A conjecture presented in a 2009 book raised the idea that while living in Santa Monica, Segar might have based some of Popeye's language on a local fisherman, even though the article has yet to make a definitive claim.

==Filmography==
===Theatrical===
- Popeye the Sailor (1933–1942, produced by Fleischer Studios, 109 cartoons)
- Popeye the Sailor (1942–1957, produced by Famous Studios, 122 cartoons)
- Popeye (1980, produced by Paramount Pictures and Walt Disney Pictures, directed by Robert Altman; live-action)

===Television===
- Popeye the Sailor (1960–1962, first-run syndication; produced by Larry Harmon Pictures, Rembrandt Films, Halas and Batchelor, Gerald Ray Studios, Jack Kinney Productions, Paramount Cartoon Studios and Corona Cinematografica for King Features Syndicate, 220 cartoons)
- The All New Popeye Hour (1978–1983, CBS; produced by Hanna-Barbera Productions, 167 cartoons) Known as The Popeye and Olive Comedy Show for its final season.
- Popeye and Son (1987–1988, CBS; produced by Hanna-Barbera Productions, 26 cartoons)

===Television specials===
- Popeye Meets the Man Who Hated Laughter (1972, ABC; produced by Hal Seeger Productions)
- The Popeye Valentine Special: Sweethearts at Sea (1979, CBS; produced by Hanna-Barbera Productions)
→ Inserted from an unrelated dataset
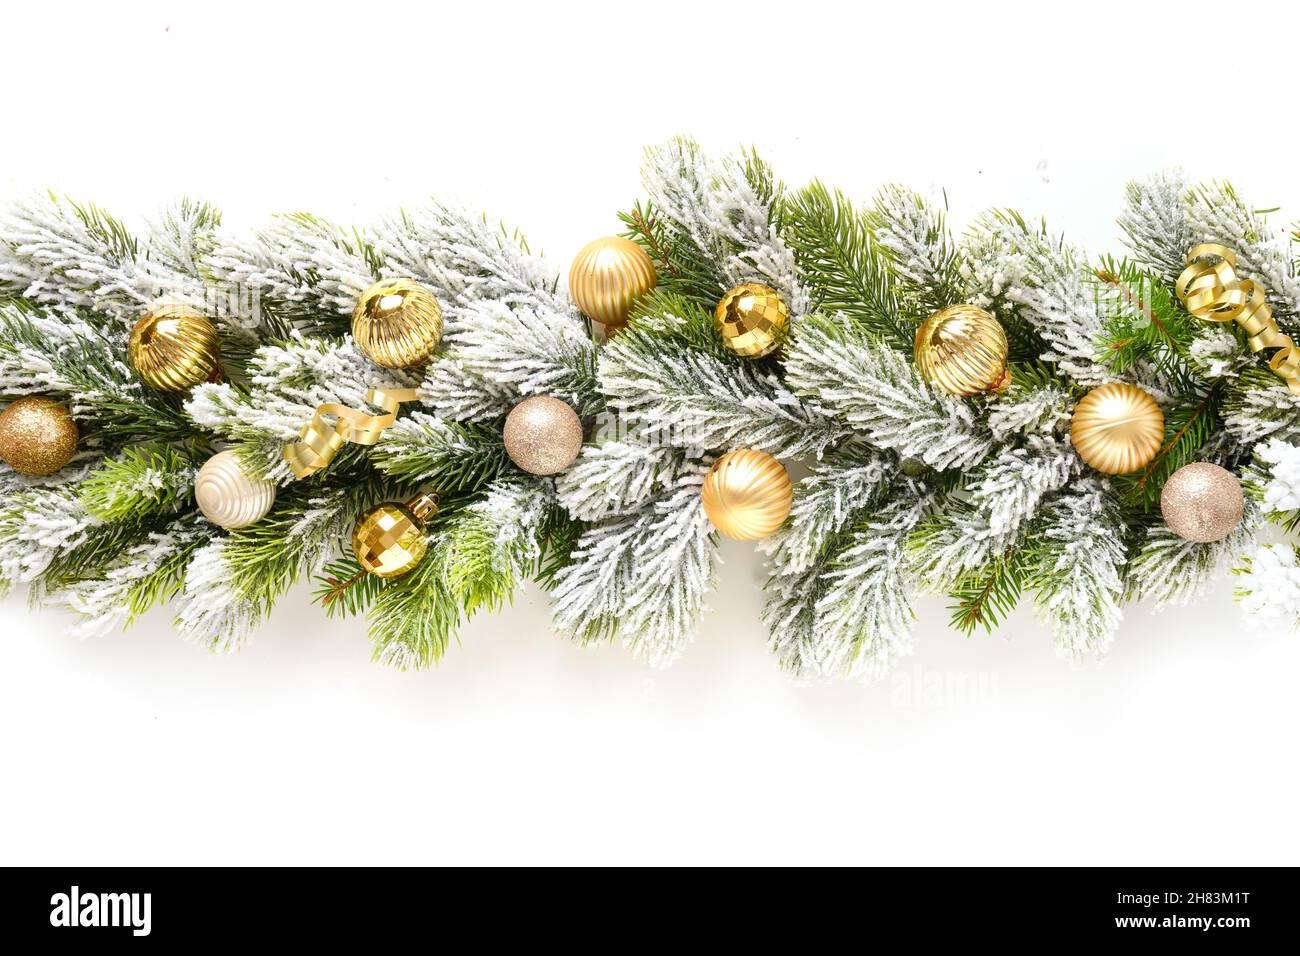 Bannière de Noël avec boules d'or en rangée sur des branches de sapin vert éternel enneigées isolées sur fond blanc.Grande taille. Banque D'Images
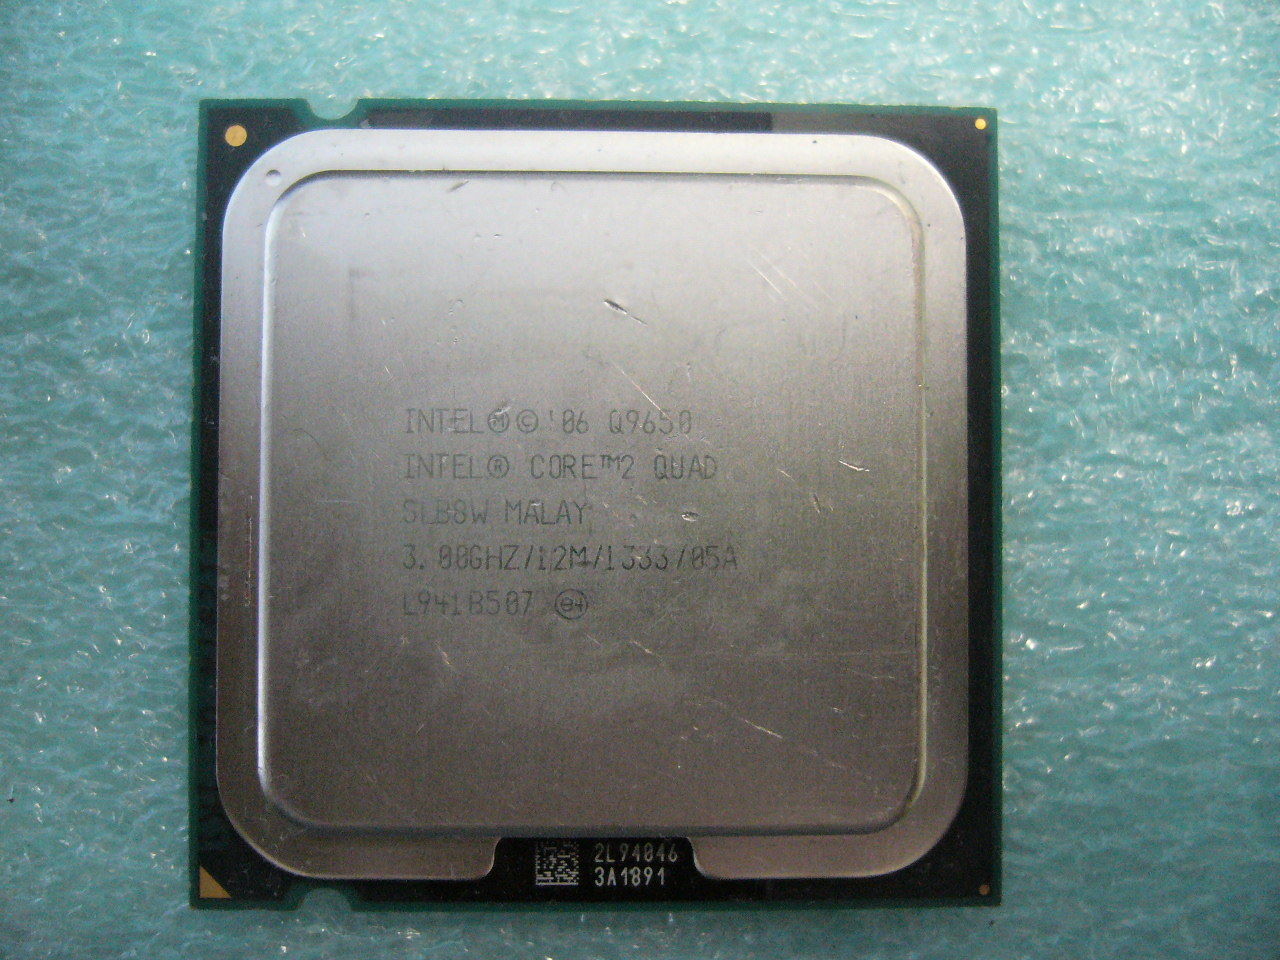 QTY 1x INTEL Core2 Quad Q9650 CPU 3.00GHz/12MB/1333Mhz LGA775 SLB8W - Click Image to Close

===Direct-to-video special===
- Popeye's Voyage: The Quest for Pappy (2004; produced by Mainframe Entertainment for King Features)

===DVD collections===
Theatrical cartoons
- Popeye the Sailor: 1933–1938, Volume 1 (released July 31, 2007) features Fleischer cartoons released from 1933 through early 1938 and contains the color Popeye specials Popeye the Sailor Meets Sindbad the Sailor and Popeye the Sailor Meets Ali Baba's Forty Thieves.
- Popeye the Sailor: 1938–1940, Volume 2 (released June 17, 2008) features Fleischer cartoons released from mid-1938 through 1940 and includes the last color Popeye special Aladdin and His Wonderful Lamp.
- Popeye the Sailor: 1941–1943, Volume 3 (released November 4, 2008) features the remaining black-and-white Popeye cartoons released from 1941 to 1943, including the final Fleischer-produced and earliest Famous-produced entries in the series.
- Popeye the Sailor: The 1940s, Volume 1 (released December 11, 2018) features the first 14 color Popeye shorts produced by Famous Studios. The set was made available on Blu-ray and DVD, and the shorts were sourced from 4K masters scanned from the original nitrate negatives.
- Popeye the Sailor: The 1940s, Volume 2 (released June 18, 2019) features the next 15 color Popeye shorts produced by Famous Studios. The set was made available on Blu-ray and DVD, and the shorts were sourced from 4K masters scanned from the original nitrate negatives.
- Popeye the Sailor: The 1940s, Volume 3 (released September 17, 2019) features the next 17 color Popeye shorts produced by Famous Studios. The set was made available on Blu-ray and DVD, and the shorts were sourced from 4K masters scanned from the original nitrate negatives.

TV cartoons
- Popeye the Sailor: The 1960s Classics, Volume 1 (released May 7, 2013) A DVD-R release by Warner Archive Collection consisting mostly of made for TV cartoons produced for King Features Television by Paramount Cartoon Studios and Gerald Ray Studios.